(Washington) Joe Biden declined to comment Friday on the historic indictment the day before of his predecessor, and potential rival for the 2024 presidential election, Republican Donald Trump.

The Democratic president, who is traveling to Mississippi for the day, was questioned on this subject several times by the journalists gathered to witness his departure from the White House.

Thursday, “no comment” at the White House when the media announced that, for the first time in history, a former American president will have to appear in court, indicted in a case of buying the silence of a porn star.

Keeping a “low profile” on the subject of the indictment, especially “not talking [about it]”, is the idea, according to the former spokeswoman for the Democratic president, Jen Psaki.

The White House is “going to be as quiet as possible for as long as possible,” she told MSNBC on Thursday. And to add: “They do not want to fuel the political debate”.

So far, the one who succeeded him on the podium of the White House press room, Karine Jean-Pierre, has remained stubbornly silent on the procedures targeting Donald Trump, taking refuge behind a law which prohibits him from mentioning future elections.

Joe Biden will especially not want to give grain to grind the argument of “political persecution” advanced by Donald Trump.

The president, who has not yet officially launched his campaign for re-election in 2024, should mainly rely on the effect that is described in the United States under the cinematic term of “split screen”. On one side a head of state at work, on the other a former president entangled in legal proceedings.

Case in point next week: On Monday, Joe Biden will go to Minneapolis to explain “how his economic policy has created the strongest job growth in history” and attract some very big investment, according to a statement.

The next day, Tuesday, Donald Trump will, unless unforeseen, appear in New York, with fingerprinting, reading of the indictment and statutory photograph.

On Thursday, heavyweights on the right, including the one who is painted as an ambitious young rival of Donald Trump, Florida Governor Ron DeSantis, closed ranks around the former businessman.
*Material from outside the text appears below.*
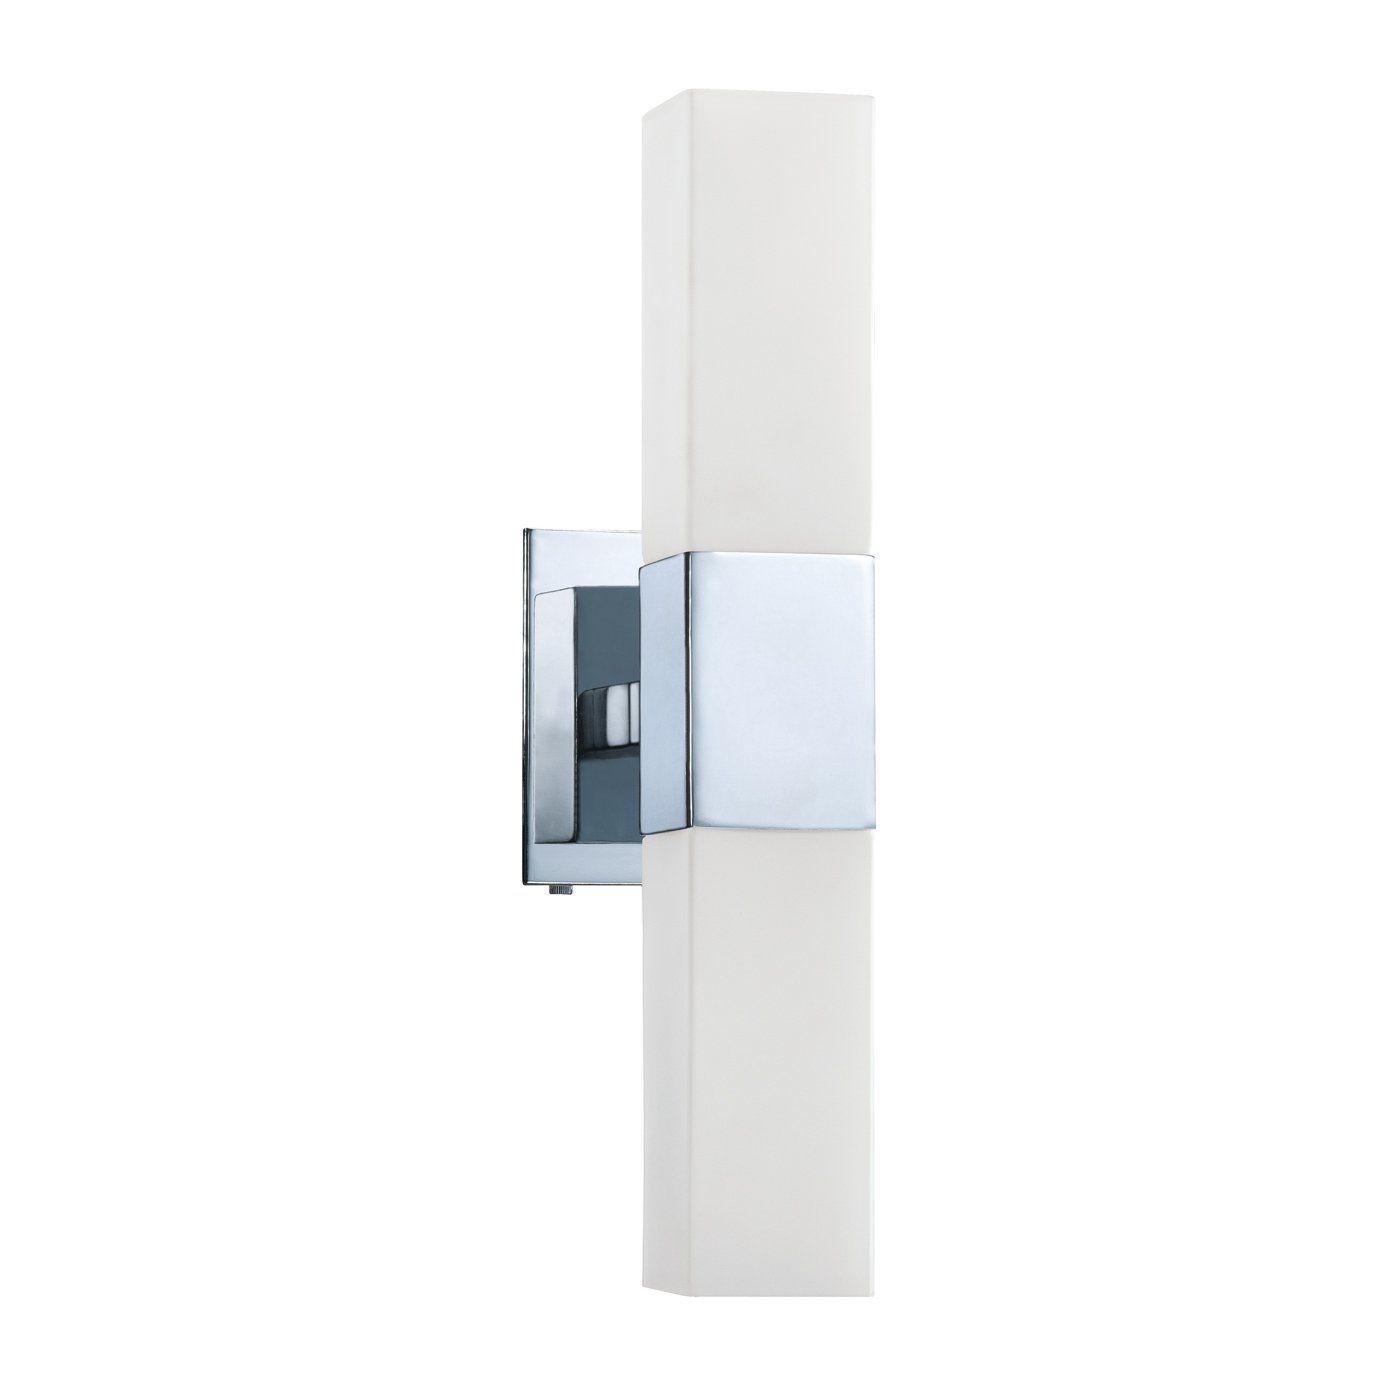 Bathroom Tiles Kendal kendal lighting vf3400-2l madison 2 light vanity light - lighting

An easy victory for Donald Trump in the Republican primary would not displease Joe Biden.

The 80-year-old Democrat figures he beat it once, so he can do it again. Joe Biden also hopes that facing a Donald Trump now 76 years old, the question of his age may be less disabling.

“In the next election, I would be very lucky if I found myself facing the same man,” the Democratic president slipped about a year ago.

A recent Marquette University Law School poll had Joe Biden neck and neck with the former president in voting intentions, at 38% each.

It remains to be seen where the independents and the undecided will go.

For them, Joe Biden has for weeks already worked out an argument on the cost of living, on the defense of the insurance systems – health and minimum old age – which the Republicans want, according to him, to put down.

A Quinnipiac University poll released Thursday found that 68% of Americans are worried about their standard of living after retirement.

On the other hand, the Democratic president has relegated to the background, or even frankly abandoned, the virulent and solemn attacks against his predecessor, such as the one launched in early September 2022 in Philadelphia.

Joe Biden, in a rare frontal charge, had accused Donald Trump of fueling “extremism” threatening the “foundations” of the American nation.